Thrive Montgomery 2050 fails to protect affordable housing. Ironically, this is being done in the name of building more affordable housing. Well, sort of. Affordable housing means housing for those at the lowest income levels, either regulated by the county or naturally occurring. Thrive has noticeably evolved away from focusing on “affordable” to “attainable”, with the latter meaning more units but not necessarily an increase in affordable units.
Thrive doesn’t worry about protecting existing affordable places to live. The idea is that tearing down currently affordable buildings isn’t a problem because they will be replaced by new buildings that will contain a greater number of affordable units.
There are major problems with this logic. For a start, the new buildings don’t necessarily have to contain more affordable units. In Bethesda, Brown/Aldon is tearing down 477 naturally occurring affordable apartments on Battery Lane. The new set of buildings, planned over the next 15 years, will include 1530 new units but only 306 MPDUs (moderately priced dwelling units). As a result, the project will cause a net loss of 171 affordable units—and that’s generously counting the MPDUs which are geared towards those earning 60-80% of area median income, not the lowest income.

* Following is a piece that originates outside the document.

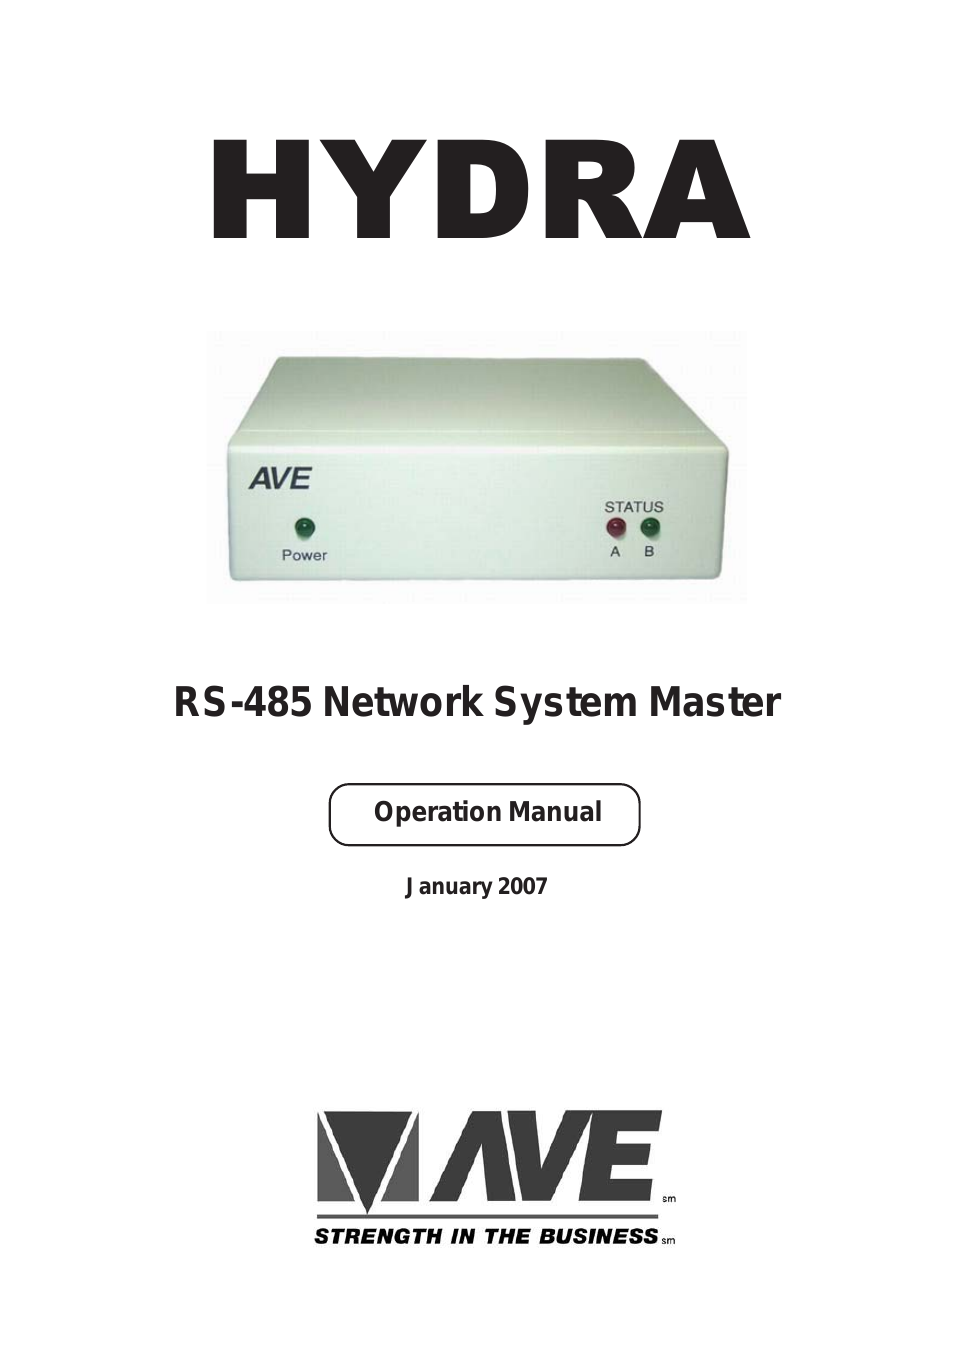 HYDRA RS-485

So we’ll experience a net loss in affordable housing—in the middle of an area where everyone agrees we could use more of it. Under this logic, often we will be destroying existing naturally occurring affordable units for very little or no gain in regulated affordable units, and an increased number of more expensive units.
Thrive proponents even want to pay developers with our tax dollars to tear down existing buildings and build denser in the name of affordable housing. If there is sufficient demand, why do we need to bribe them to build it? And why should we financially aid the destruction of existing affordable housing?
Bribing developers to do something the market is telling us doesn’t make sense is a waste of money. It is a one-off “solution” that provides no guarantee that more housing, and especially affordable housing, will follow. Yet that won’t prevent councilmembers who would chuck our taxes away from pointing to the building as a great new accomplishment.
The most inequitable part of all this, however, is the total lack of consideration for the current residents of existing affordable housing. Renters get thrown out of their homes, so the new building can be built. But finding new affordable housing in desirable locations is difficult, and many will experience major dislocation and need to move much further away. In some cases, the County will literally be paying builders to do projects that will throw low-income residents out in the name of affordable housing.
Thrive should be modified to protect existing affordable housing. Let’s encourage new building, including with MPDUs, in areas without it. We shouldn’t cannibalize our existing stock of affordable housing and dislocate people in this chimera of progress.